Lack of efficacy of erlotinib in most EGFR mutated non-small cell lung cancers (NSCLCs) with acquired resistance to gefitinib

Abstract

8105 Background: The majority of NSCLC patients (pts) with activating epidermal growth factor receptor (EGFR) mutations respond to gefitinib, however acquired resistance to this tyrosine kinase inhibitor (TKI) ensues. The secondary resistant T790M mutation has been identified in 50% of progressing pts. The amplification of the MET oncogene occurs in 20% of TKI-resistant pts and sometimes concomitantly with T790M. Very few other secondary mutations (D761Y, L747S) exist. Our goal was to determine the effects of erlotinib 150mg/d in EGFR mutated pts who became resistant to gefitinib 250mg/d, since the EGFR TKI erlotinib is given at a higher biologically active dose than gefitinib. Methods: We followed radiographic responses of 18 EGFR mutated pts from 4 academic medical centers that were given gefitinib and subsequently erlotinib. All pts, but one, had either exon 19 deletion or L858R mutations. 4 pts had tumor re-sampling after becoming resistant to TKI therapy. Results: Most pts achieved a response to gefitinib monotherapy (14/18, 77.7%) and median time to progression (TTP) was 11 months (95%CI, 4–16.5). After the tumors became gefitinib-resistant, most of the pts exposed to erlotinib had progressive radiographic disease (14/18, 77.7%) and median TTP was 2 months (95%CI, 2–3.8). The 3 pts with exon 19 deletions that acquired the T790M gefitinib-resistant mutation progressed on erlotinib.
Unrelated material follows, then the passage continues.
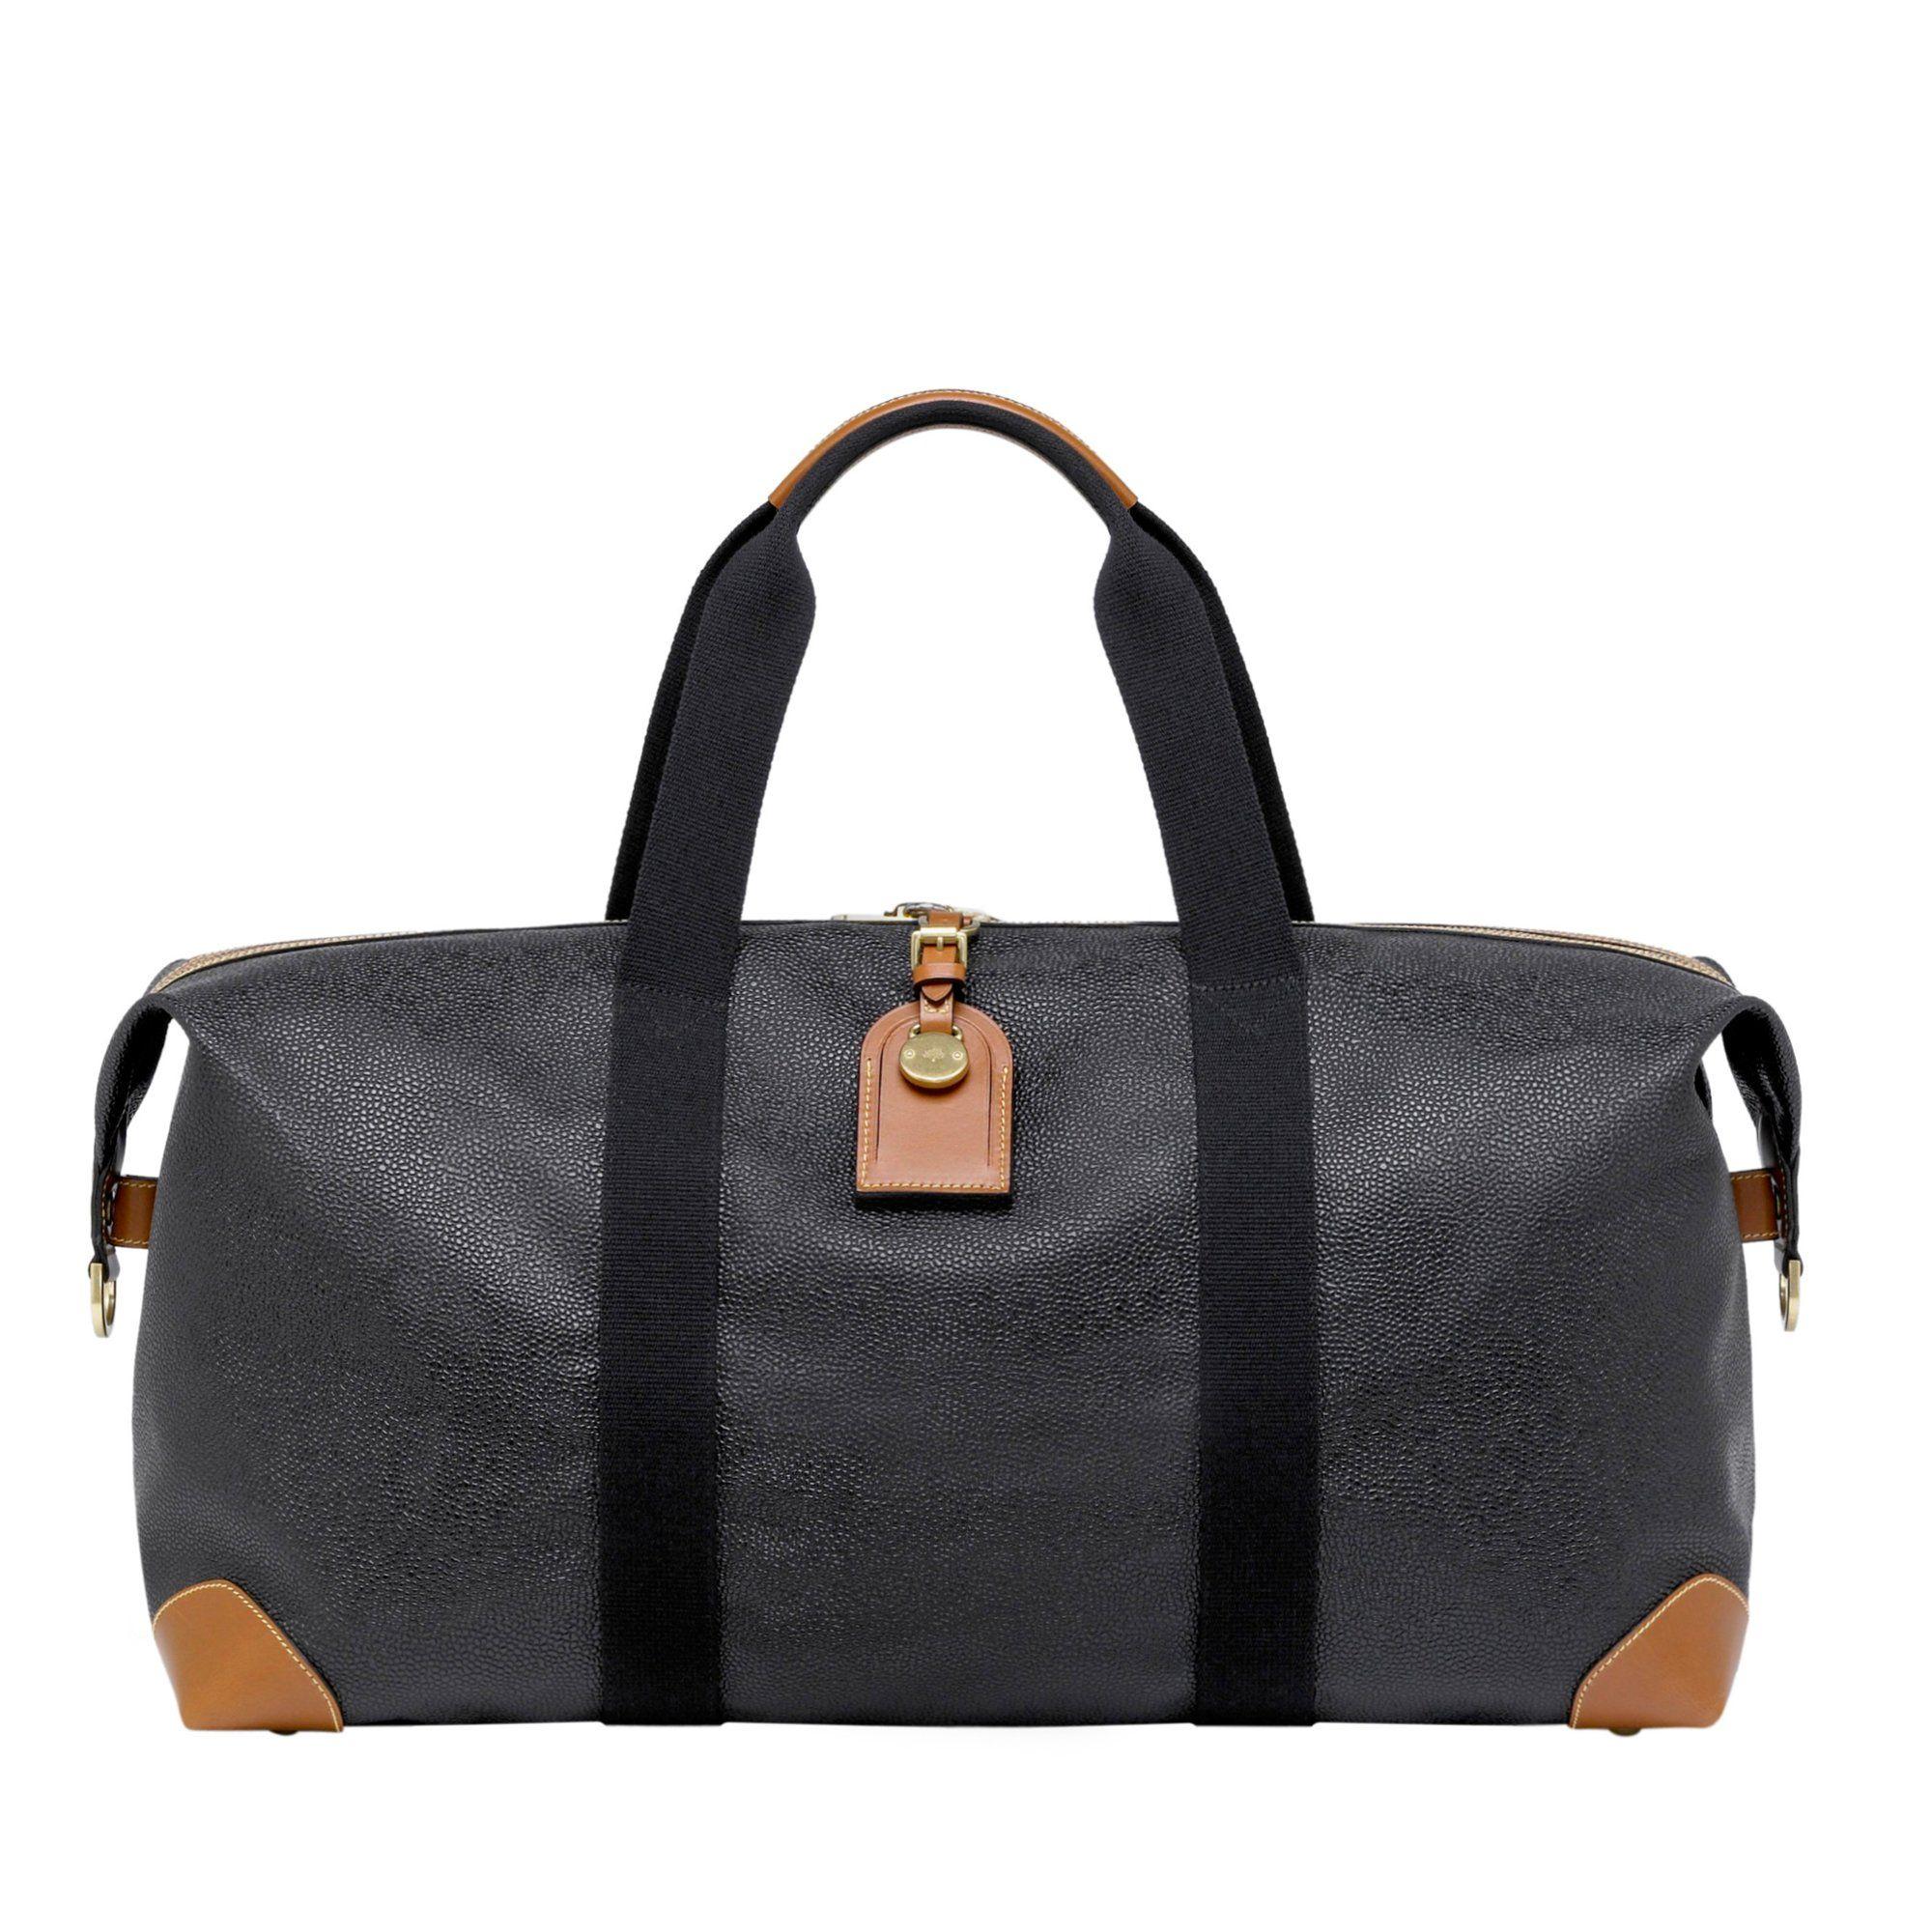 9b58b52edb Luggage

Only 1 gefitinib-resistant pt achieved a radiographic partial response and this patient had acquired L858R-L747S EGFR, which in vitro is sensitive to serum levels of erlotinib 150mg/d. Conclusions: In EGFR mutated tumors that become resistant to gefitinib, a switch to another reversible EGFR TKI given at higher biological doses - erlotinib - does not lead to responses in most pts. These findings were expected since the two most common mechanisms of gefitinib resistance (T790M and MET amplification) in vitro lead to high-grade resistance to clinically achievable doses of gefitinib and erlotinib. A gefitinib to erlotinib switch may only be beneficial in the rare EGFR mutated pt who acquires atypical “partial” resistance secondary EGFR mutations. Continued clinical development of novel EGFR and MET inhibitors for pts with EGFR mutated TKI resistant tumors is warranted. No significant financial relationships to disclose.